Free-marketeers have long pointed out a particular asymmetry between capitalism and socialism (whether of the international or national variety). While anyone in a capitalist society would have a right to engage in socialism (as anyone can do now in our hampered market economy), the reverse would not hold: under socialism—that is, a centrally planned economy, democratic or not—no one would be free to engage in “capitalist acts between consenting adults” (to use Robert Nozick’s phrase from Anarchy, State, and Utopia). It would upset the plan.
In other words, in a fully free society, no legal barriers would prevent people from setting up communes, worker and consumer co-ops, etc., but in a socialist society, money exchanges of land, producer goods, and labor services (and perhaps even consumer goods) would be outlawed. Goodbye, entrepreneurship, free private enterprise, and economic calculation via trade-generated market prices.
That asymmetry speaks volumes, does it not? It ought to end the debate between the proponents and opponents of capitalism. Do you wish to live as a socialist with a clear conscience? Embrace the free market.
But socialists will have none of that. For them, individual choice is unimportant, if not destructive. In their view, voluntary capitalist relations are exploitative regardless of how the participants see them. So they must be forbidden. Socialist planners and their court intellectuals know better. Thus, for their own good, mere people must be controlled.
That is the height of presumptuous and arrogant elitism. The appropriate question for the socialist is that quintessential American retort: “Who asked you?”
How do the socialists know that transactions are exploitative? We can be sure that at the time of the transaction, the parties demonstrably prefer what they give up to what they receive. “No, no!” cry the socialists. One party is weaker because he must eat, work, obtain shelter, etc. What socialists refuse to acknowledge is that market relations are how we cope with a world of natural scarcity, a world in which resources—that is, natural stuff for which human ingenuity has found uses—are finite, costly to obtain, and usable in a variety of ways. (By all means, see this video from Stephen Davies and the Institute of Economic Affairs.) Scarcity is not a capitalist plot. On the contrary, the combination of the division of labor, technology, and trade is the only way to push back the constraints of scarcity. Most of today’s eight billion people live much better now than one billion did in 1800.
How do the socialists know that employees are exploited? Apparently, they just do. It has something to do with the market return on goods sold being greater than the wages employees are paid.
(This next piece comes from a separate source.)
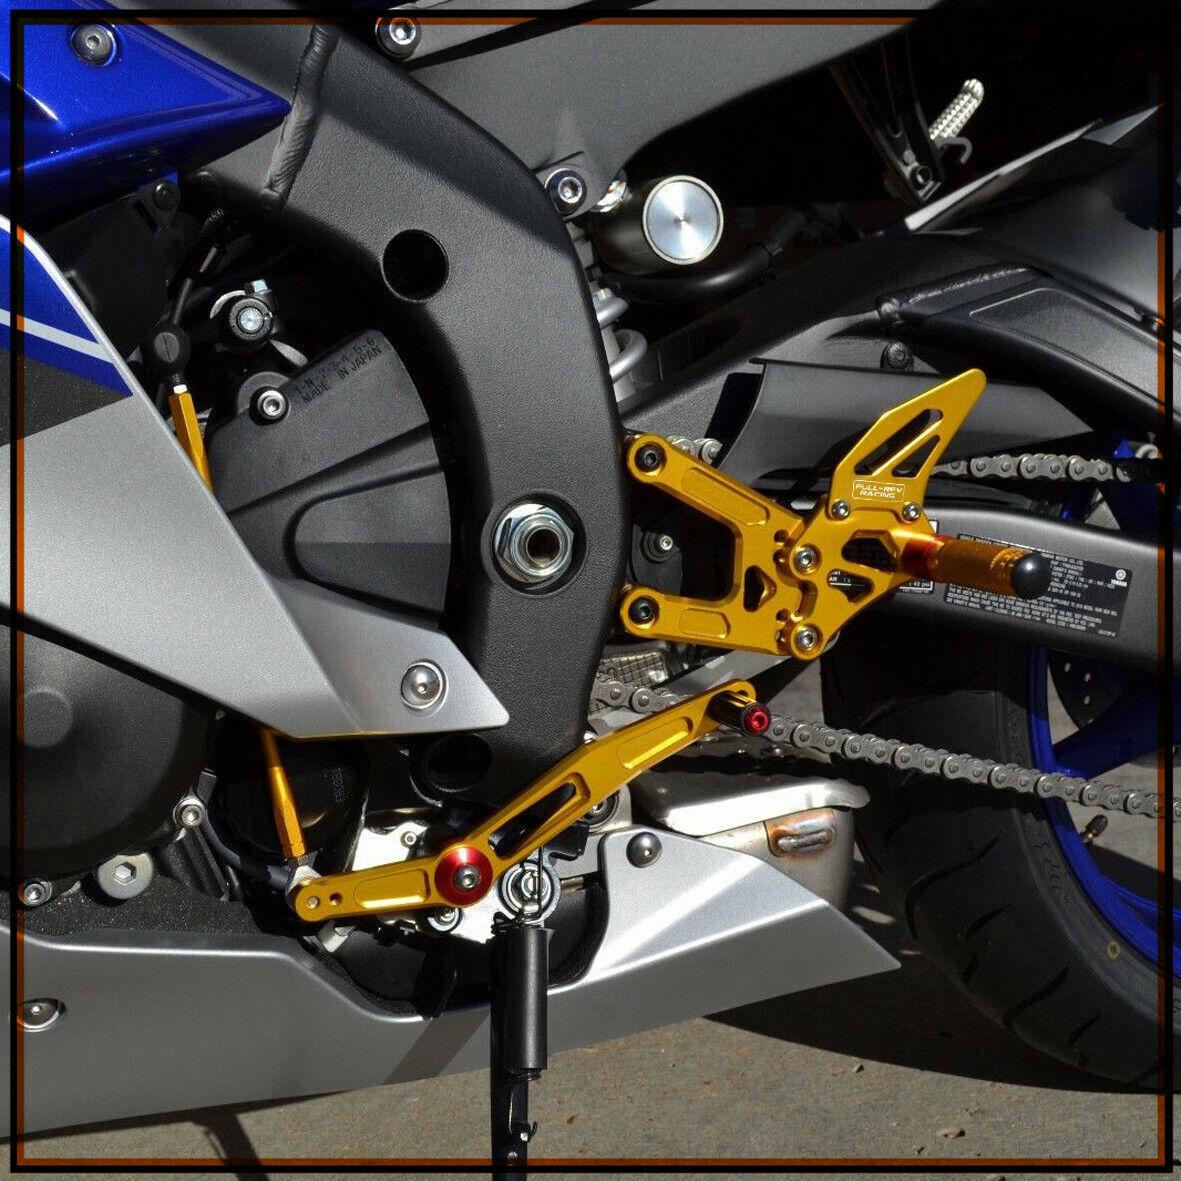 /2009/2010/2011/2012/nuovo Moto nero posteriore passeggero pedane per Yamaha YZF R6/2006/

The “surplus” collected by employers is seen as stolen. That actual employees value their wages more than the effort they expend to earn them is irrelevant as far as the socialists are concerned. But again, who asked them?
Those with only a scant acquaintance with economics often find Marx’s exploitation theory plausible. However, they overlook a critical factor: time. When something happens matters to us as much as what happens. Eugen von Böhm-Bawerk, the second-generation Austrian economist who delved into this matter, put the point rather nicely:
The completely just proposition that the worker is to receive the entire value of his product can be reasonably interpreted to mean either that he is to receive the full present value of his product now or that he is to get the entire future value in the future. But … the socialists interpret it to mean that the worker is to receive the entire future value of his product now.
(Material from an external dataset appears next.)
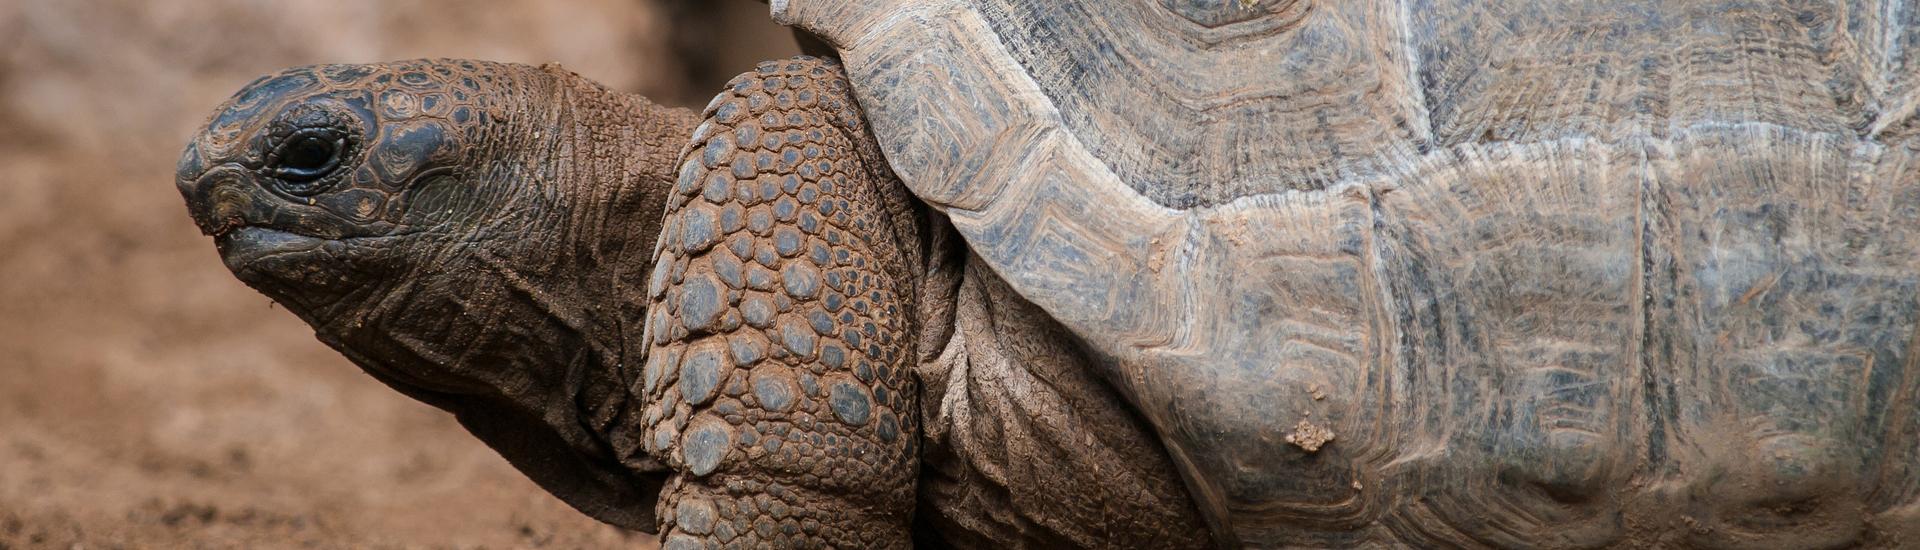 tortoise side view

People value present and future goods differently. Other things equal, we prefer the results of our actions sooner rather than later. Asked if you’d want a dollar today or a dollar in a month, you’ll take it today. But asked if you’d want a dollar today or two dollars next month, you may choose to wait if the extra dollar will make the wait worthwhile. If two dollars won’t do it, maybe three dollars will. The time element is what explains interest. I’ll let you use my money for a period if you promise to compensate me later. It’s perfectly legitimate. (For more, see this.)
The employment relationship involves time too. Employees typically don’t want to wait until the consumer or producer goods they work on have been sold. Most prefer to be paid regularly, predictably. Nothing wrong with that. But in that case employers who advance (lend) their employees wages out of previous savings will have to wait for the sales—which may not take place if no buyers are interested. Why shouldn’t employers be compensated for doing what their employees are unwilling to do: namely, assume the risk and uncertainty of waiting? If socialists don’t like it, let them start businesses. (Gene Epstein points out that unions are flush with money from their members’ dues. Why don’t they start worker-owned firms? Why don’t the union members demand it?)
In market-oriented but not fully free economies, we see few if any worker-owned businesses. Why? Probably because most people don’t want the risk and responsibility of ownership. So they forgo some money in return for the relative security of employment. That’s their right. But employees should not begrudge employers because the latter earn profits (which comprise both interest on the loans to employees and entrepreneurial rewards for spotting price discrepancies that others overlooked).
Socialists who dislike conventional enterprise should stop complaining and set up worker-owned firms. On the other hand, it’s easier and less risky to complain about capitalism. Admittedly, in one respect, socialists would not be free to engage in socialism. They could not force anyone to go along.